Which do you think is more valuable, time or money? Increasingly for many of us living in the center of 21st century network economy, the answer is TIME.

Colin Lankshear and Michele Knobel’s 2001 article, “Do we have your attention? New literacies, digital technologies and the education of adolescents” provides some excellent food for thought. The fourth paragraph of their paper summarizes well the theory of the “attention economy”:

“[Michael] Goldhaber links the superabundance of information to the hypothesis of an emerging attention economy. He believes the fact that information is in over-saturated supply is fatal to the coherence of the idea of an information economy-since ‘economics are governed by what is scarce’ (Goldhaber 1997: n.p.). More fully stated, economies are based on ‘what is both most desirable and ultimately most scarce’ (Goldhaber 1998b: n.p.). Yet, if people in postindustrial societies will increasingly live their lives in the spaces of the Internet, these lives will fall more and more under economic laws organic to this new space. Goldhaber (1997, 1998a) argues that the basis of the coming new economy will be attention and not information.”

The import of the existence of an ATTENTION economy rather than merely an INFORMATION AGE is huge. We see this every day: people and information compete constantly for the finite resource which is “our attention.” Regardless of who you are, how smart you may be, how much money you have, or where you live, you still have only 24 earth hours in each day. We all decide how to allocate those hours, and this decision-making process is at the heart of the attention economy theory.

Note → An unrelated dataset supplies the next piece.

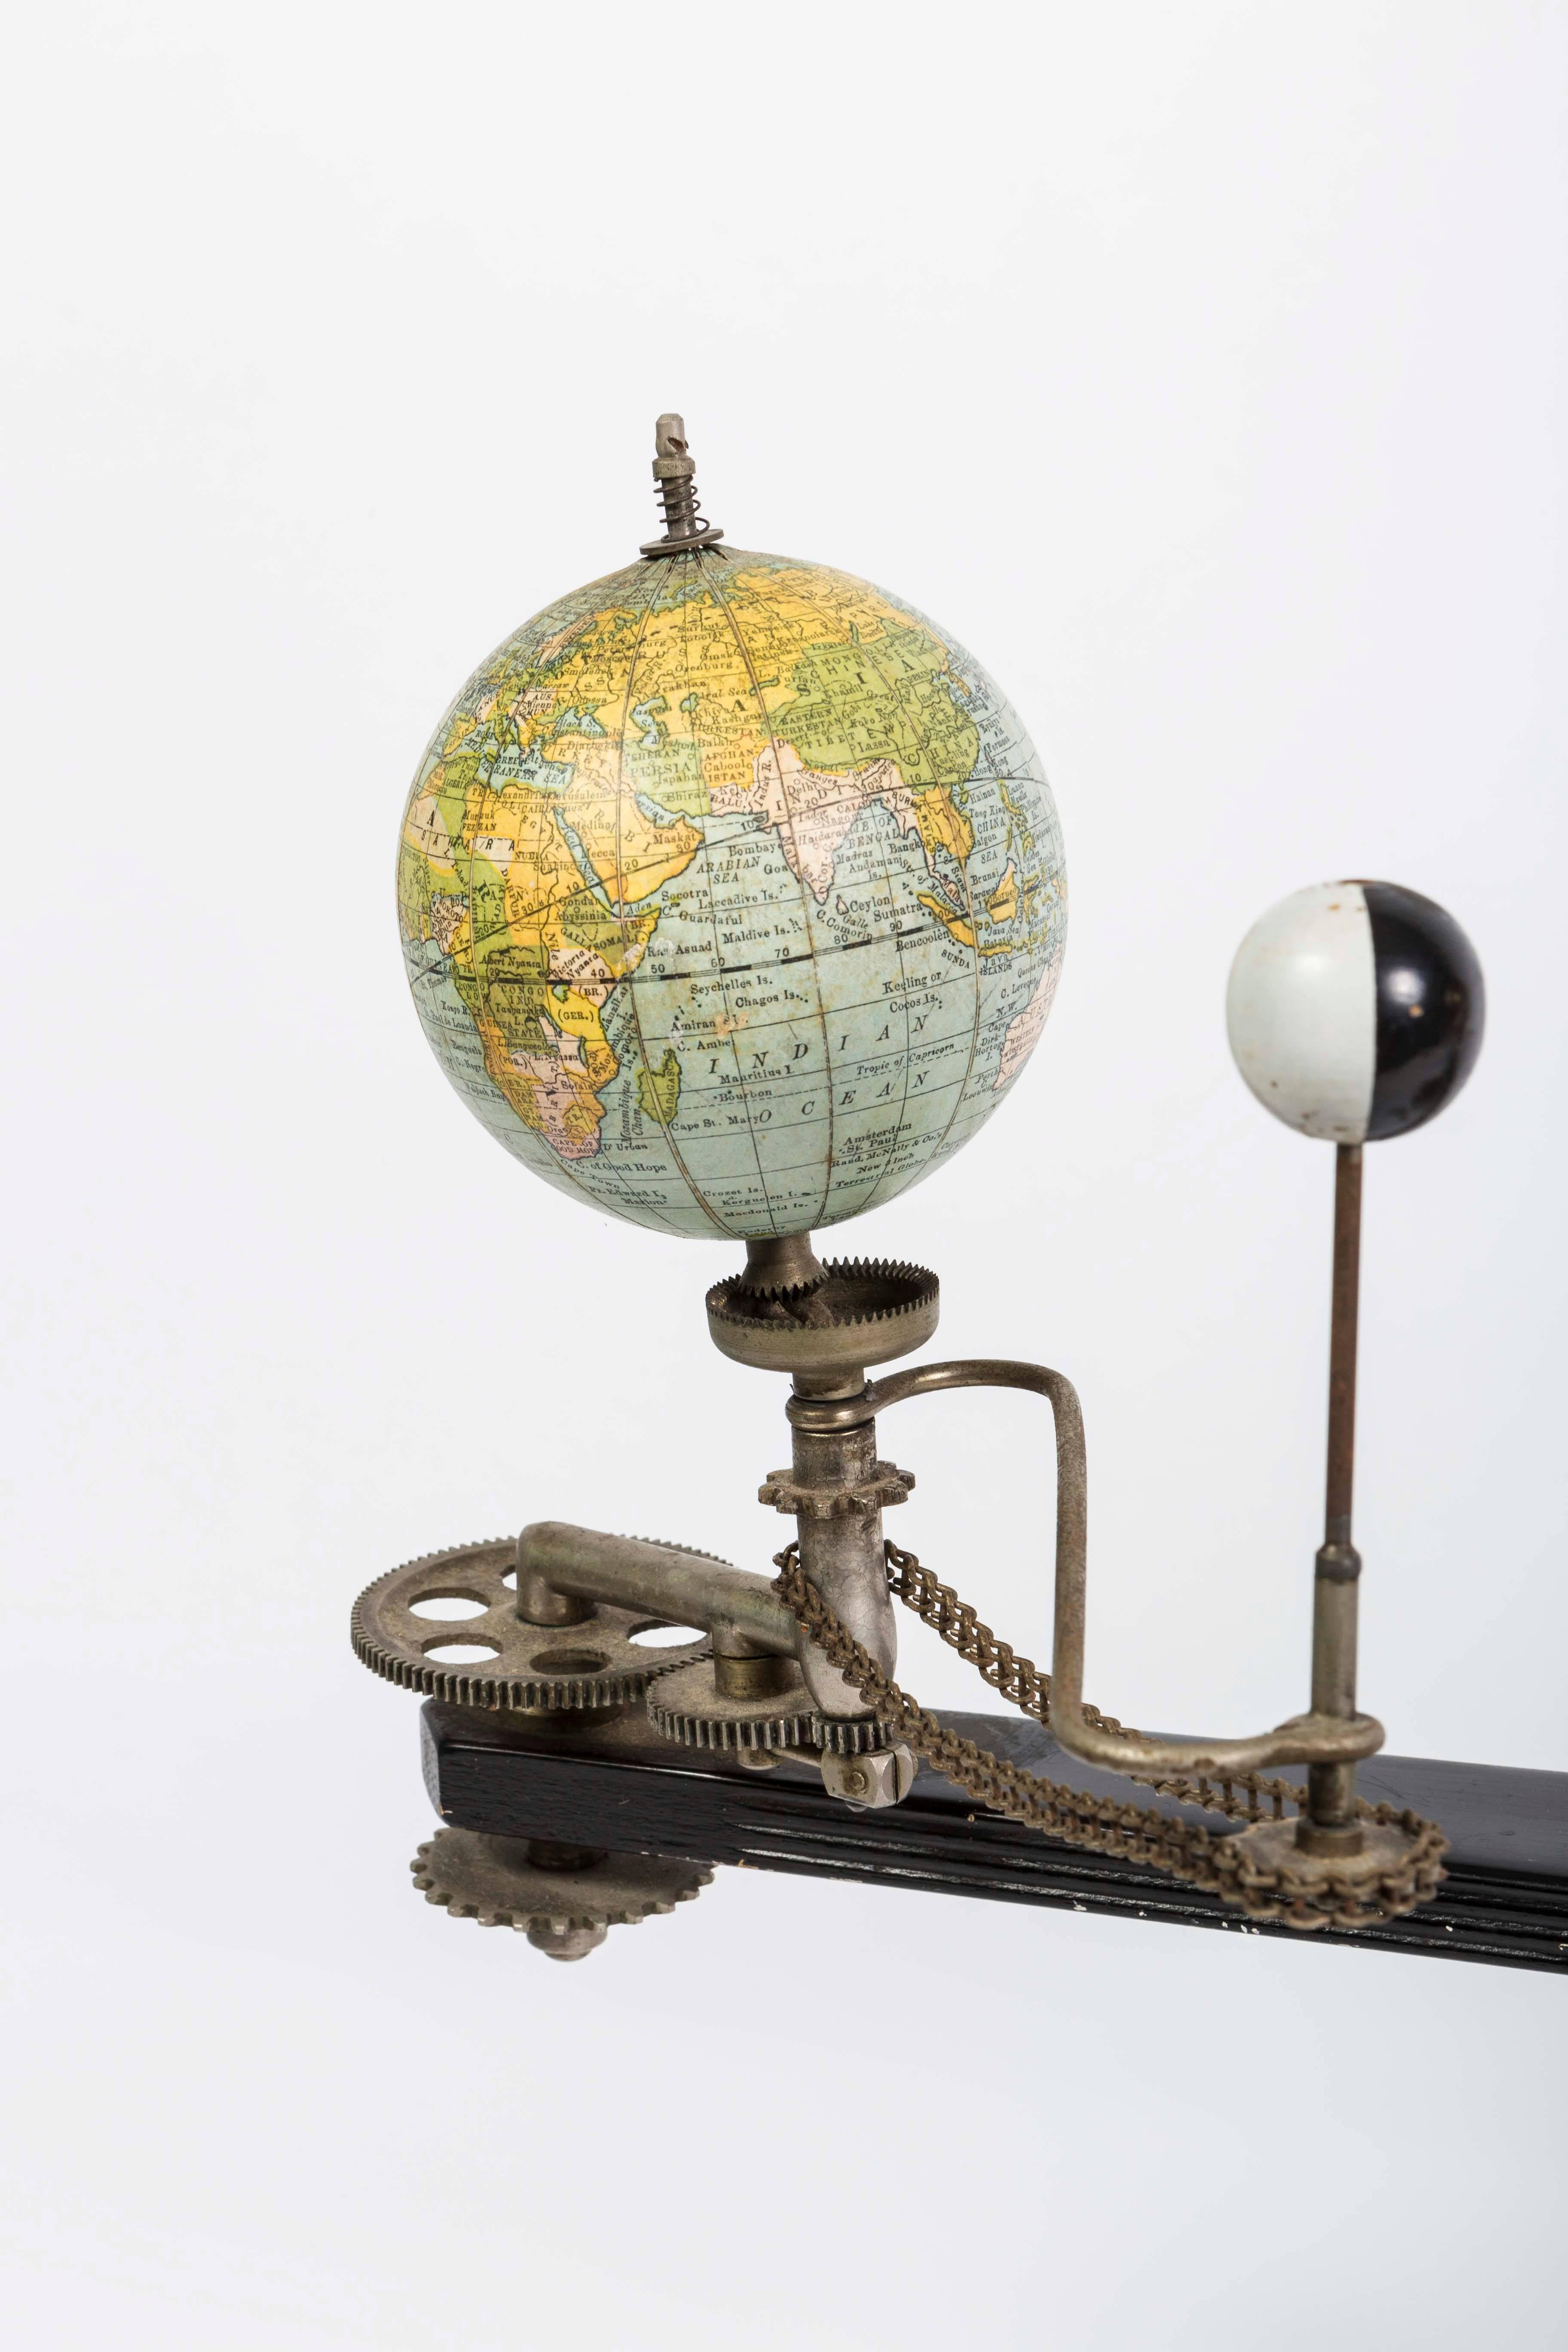 This scientific instrument from the 1900s was once an educational tool. Combining form and function at its best, this Trippensee orrery is pleasing to the eye and fascinating to the inquisitive mind. The orrery is a mechanical model of the solar

David Warlick has at least tacitly acknowledged the existence and importance of the attention economy in his book, “Redefining Literacy for the 21st Century.” David encourages educators to recognize the importance of students learning to communicate succinctly and powerfully using authentic tools. Today, this means multimedia products, to communicate with images, audio, animations, and video. Are students doing this in your school, or is everyone still writing 5 paragraph essays on Big Chief tablets in cursive?

We need traditional literacy skills, but we also need teachers as well as students to embrace NEW LITERACIES that are essential to understand and command in our attention economy. As Tim Wilson observed last week, terms like “RSS” and “podcasting” are still not very mainstream. But these trends are not, in my opinion, just another passing fad.

Information glut is here, and it is only going to get worse. If you are not using a tool like Bloglines as a free RSS aggregator, it is time to start. If you are an educator and are not yet planning to experiment with podcasting in 2005-2006, it’s time to amend your plans. We’re in the 21st century attention economy, and we had better be pulling out all the stops to prepare ourselves and our students for success in this dynamic environment. It is an exciting adventure, but thankfully it is not a journey we have to go on alone. We can call on an online fellowship of committed and passionate educators, who share a common vision of educational reform and authentic instruction.

I’m a self-appointed part of this informal team / fellowship. Don’t you want to join us?!